17. The wall as set forth in claim 10, wherein said cylindrical magnetic core of said coil has an axial symmetry, wherein said first rigid plate and said second suspension plate are approximately perpendicular to the axis of said core, wherein said elasticity of said suspension means is greatest along said axis, and wherein said second suspension plate is rigid in a direction perpendicular to said axis.

18. The wall as set forth in claim 12, wherein said peripheral part (P2) of first rigid plate includes slots in order to increase bandwidth of sound vibrations.

19. A therapeutic device to provide vibrations to a body, comprising a loudspeaker, wherein said loudspeaker comprises:

(a) a casing; and

(b) a motor with a cylindrical magnetic core, wherein said core is surrounded by an induction coil, wherein said induction coil abuts a first rigid plate wherein said induction coil is fixedly attached to said first rigid plate about a center axis normal to said first rigid plate for transmission of vibrations to a support, wherein said first plate is attached to said casing through a flexible suspension means, wherein said flexible suspension means comprises a generally planar second suspension plate for suspension and radial positioning of said coil, wherein a bottom of said cylindrical magnetic core abuts said planar second suspension plate, and wherein said flexible suspension means provides elastic suspension for said first rigid plate in relation to said casing.

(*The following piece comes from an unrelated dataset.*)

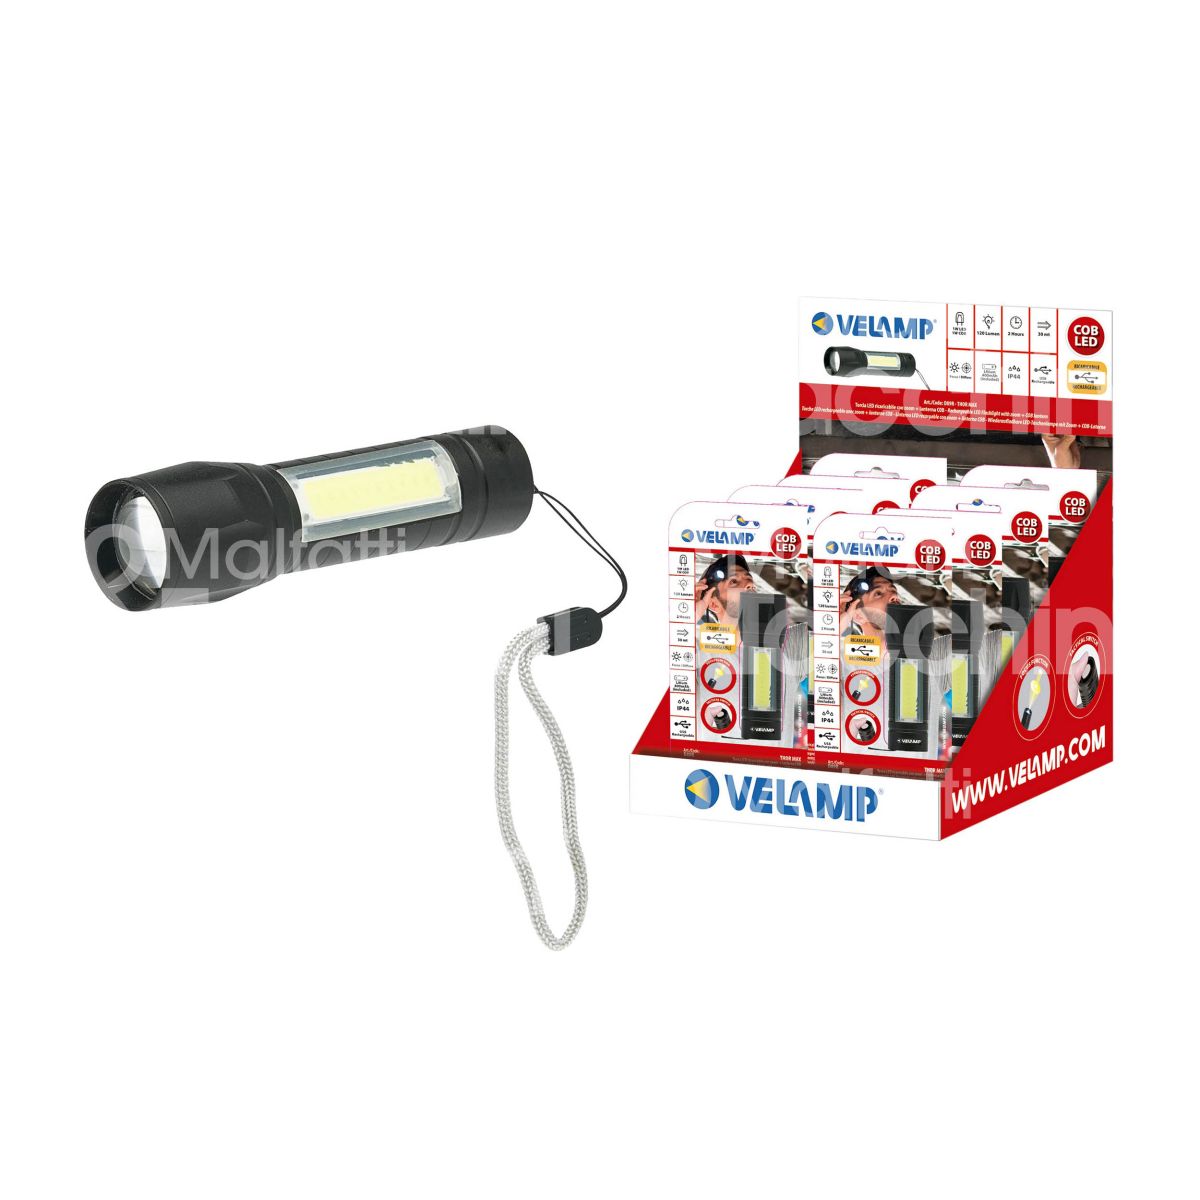 Velamp d89r torcia thor max led alimentazione batteria - lumen 120

20. The therapeutic device as set forth in claim 19, wherein said flexible suspension means comprises elastic studs situated between said second suspension plate and said first rigid plate.

21. The therapeutic device as set forth in claim 20, wherein said second suspension plate includes a central part (I1) and a peripheral part (P1), wherein said first rigid plate includes a central part (I2) and a peripheral part (P2), wherein said elastic studs are attached at said peripheral parts (P1, P2) of said plates, and wherein studs for attachment of said second suspension plate to said casing are attached at said central part (I1) of said suspension plate.

22. The therapeutic device as set forth in claim 19, wherein said second suspension plate for radial positioning of said coil is made from elastic material.

23. The therapeutic device as set forth in claim 22, wherein said second suspension plate is made from a composite material.

24. The therapeutic device as set forth in claim 23, wherein said material of said suspension plate is chosen from the group consisting of glass-fiber reinforced epoxy resin and reinforced carbon.

25. The therapeutic device as set forth in claim 19, wherein said second suspension plate includes a central part (I1) and a peripheral part (P1), wherein said second suspension plate is provided with apertures that delimit said central (I1) and said peripheral (P1) parts, and wherein said central (I1) and said peripheral (P1) parts are separated by hinge bridges in order to endow them with the ability to vibrate in relation to each other.

26. The therapeutic device as set forth in claim 19, wherein said core of said coil has an axial symmetry, wherein said cylindrical magnetic first rigid plate and said second suspension plate are approximately perpendicular to the axis of said core, wherein said elasticity of said suspension means is greatest along said axis, and wherein said second suspension plate is rigid in a direction perpendicular to said axis.

27. The therapeutic device as set forth in claim 21, wherein said peripheral part (P2) of first rigid plate includes slots in order to increase bandwidth of sound vibrations.